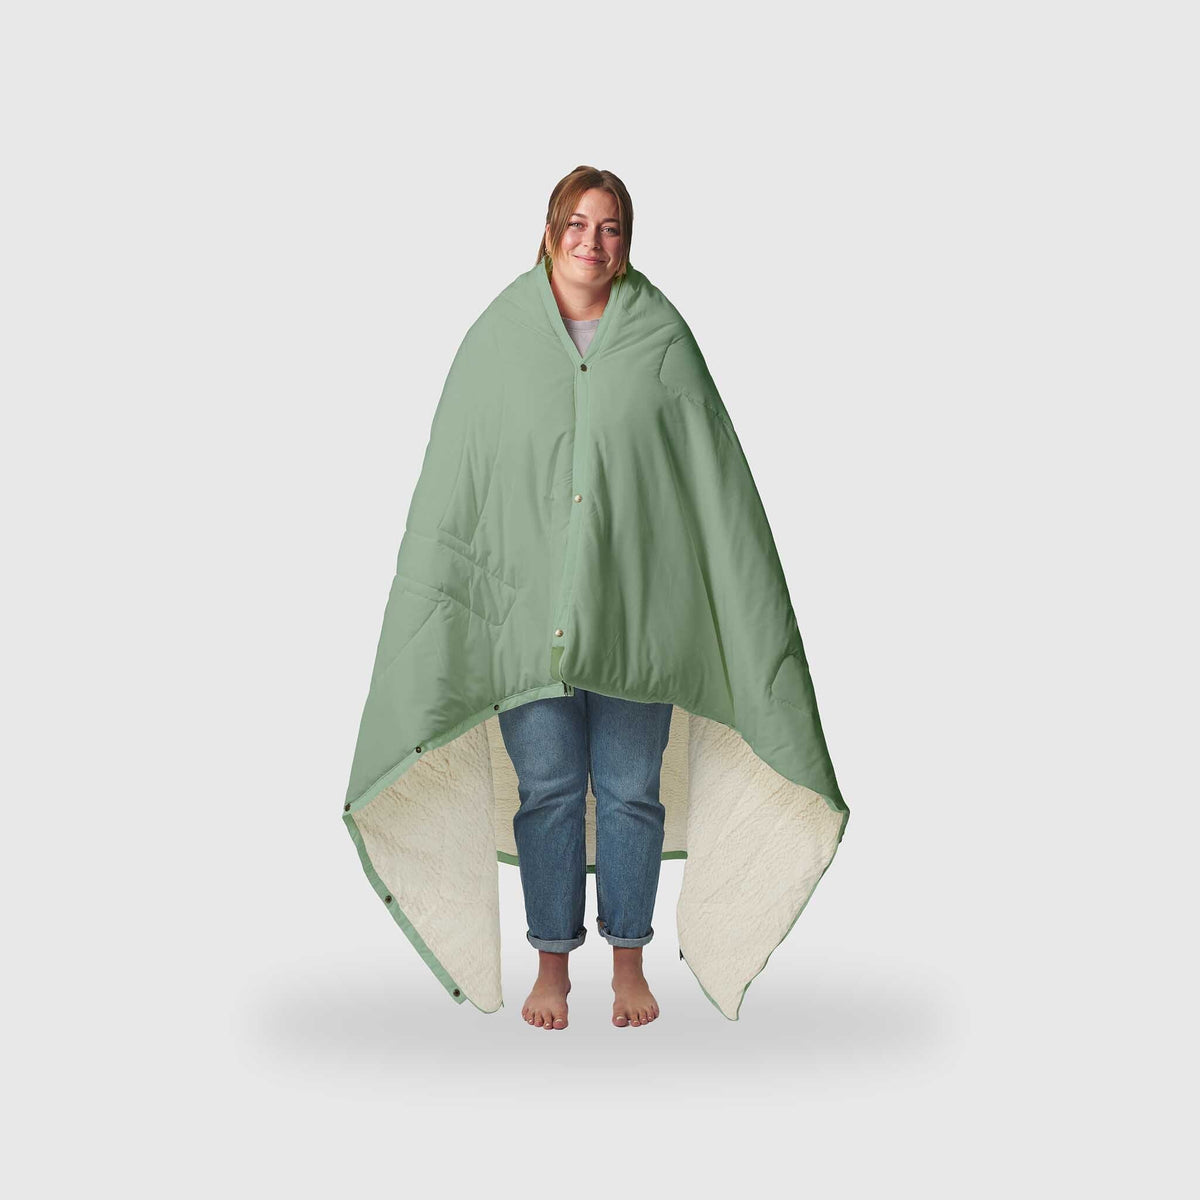 VOITED CloudTouch® Indoor/Outdoor Camping Blanket - Cameo Green
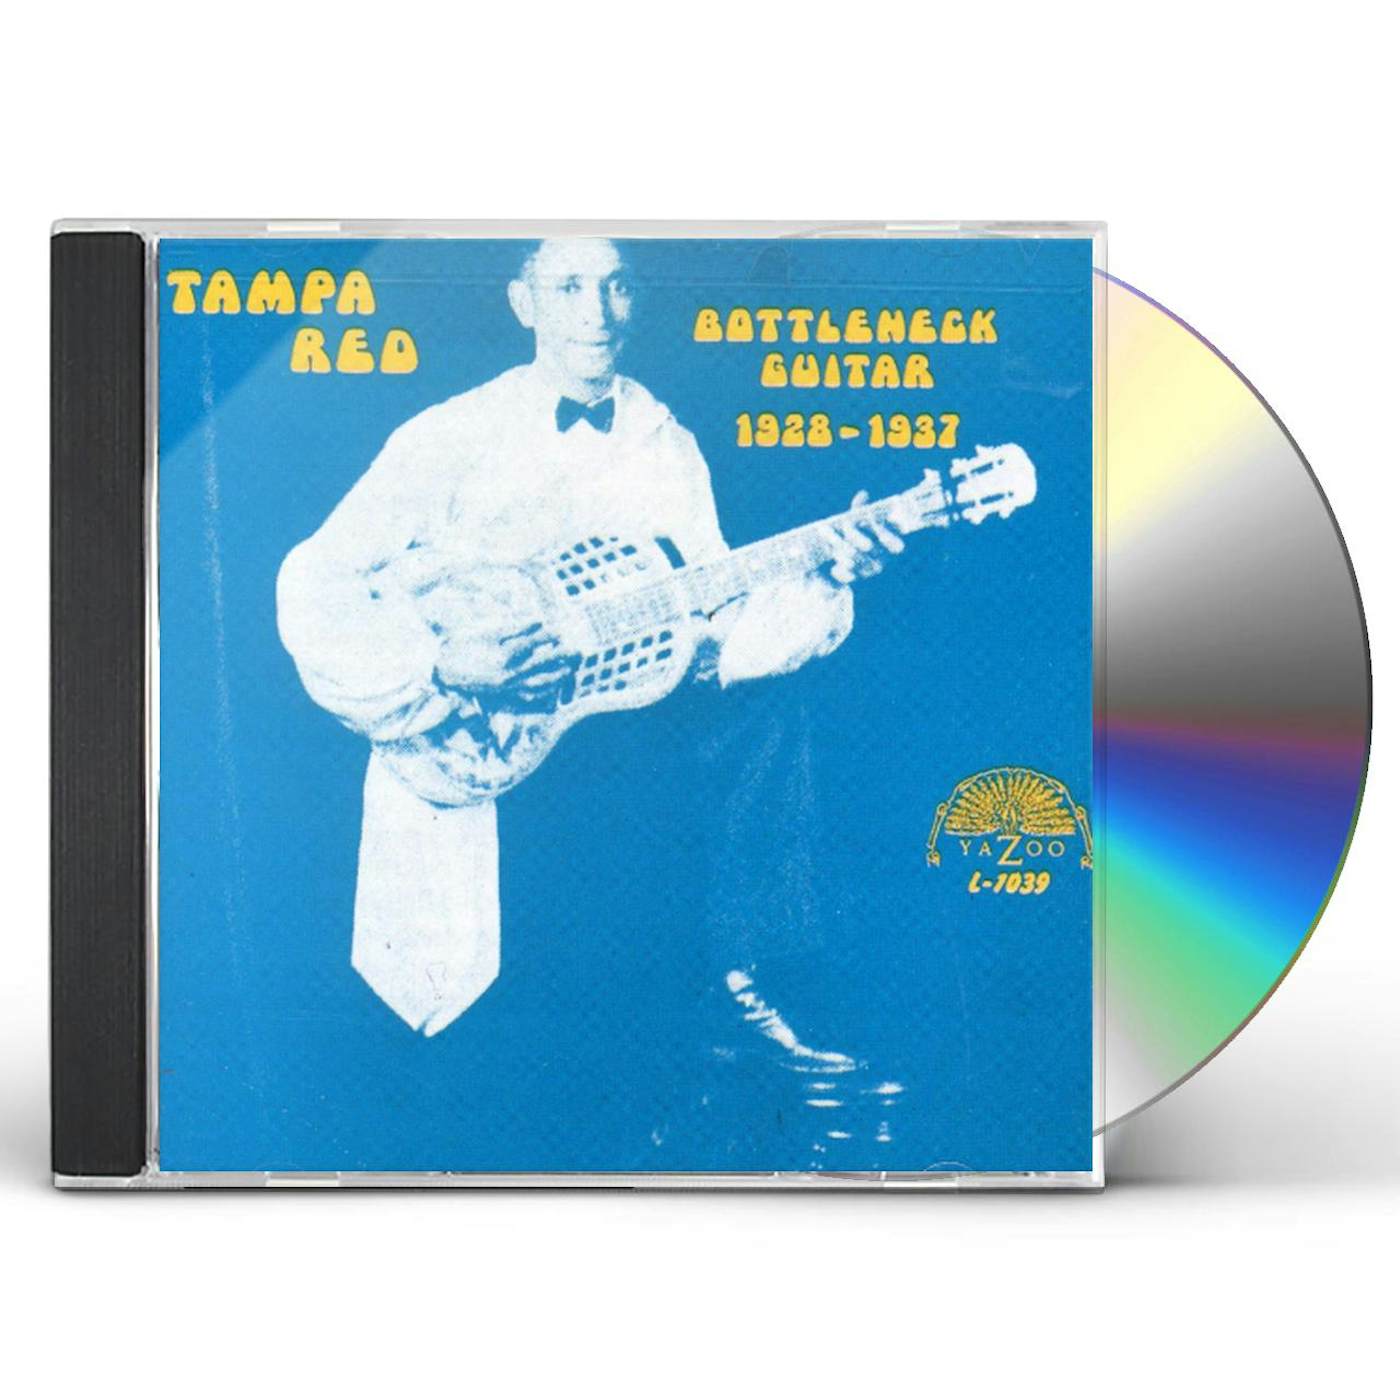 Tampa Red BOTTLENECK GUITAR 1928-1937 CD
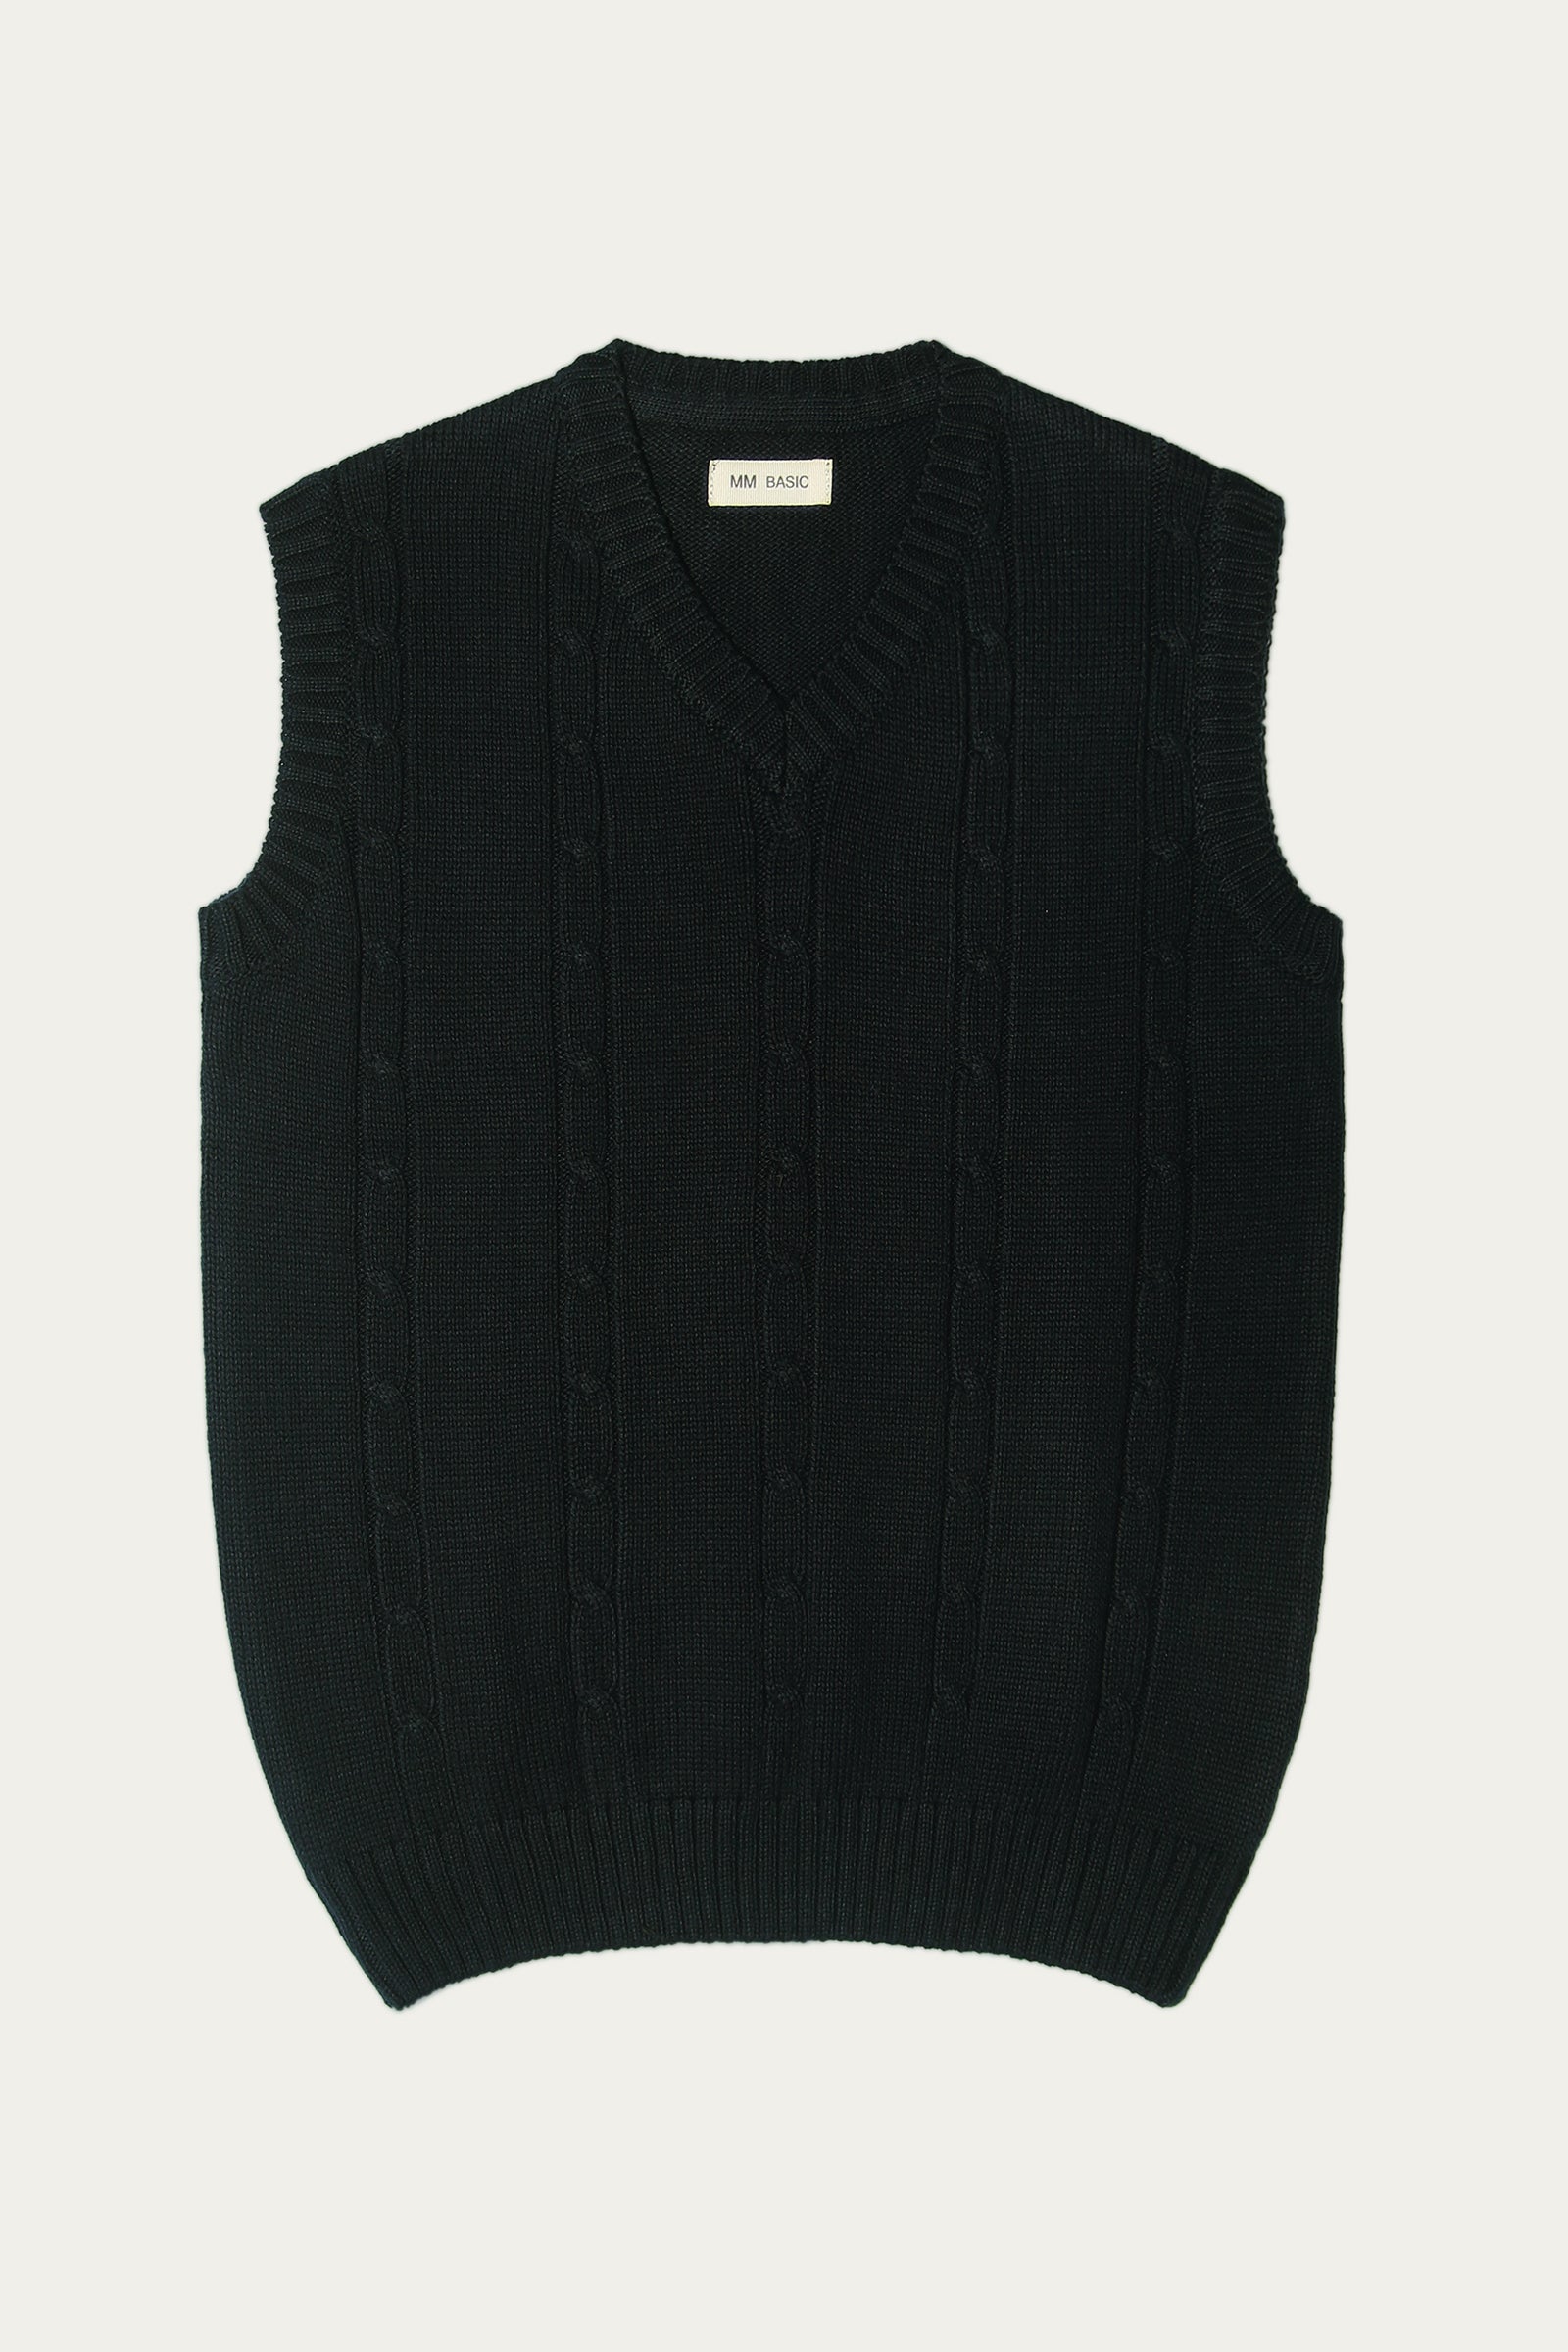 Sleeveless Sweater (SS-BASIC-SL-08)

→ WORK TO BE COMPLETED
Give the data again word for word, without pictures.

→ YOUR RESPONSE
 VOITED CloudTouch® Indoor/Outdoor Camping Blanket - Cameo Green
 Tampa Red BOTTLENECK GUITAR 1928-1937 CD
 Sleeveless Sweater (SS-BASIC-SL-08)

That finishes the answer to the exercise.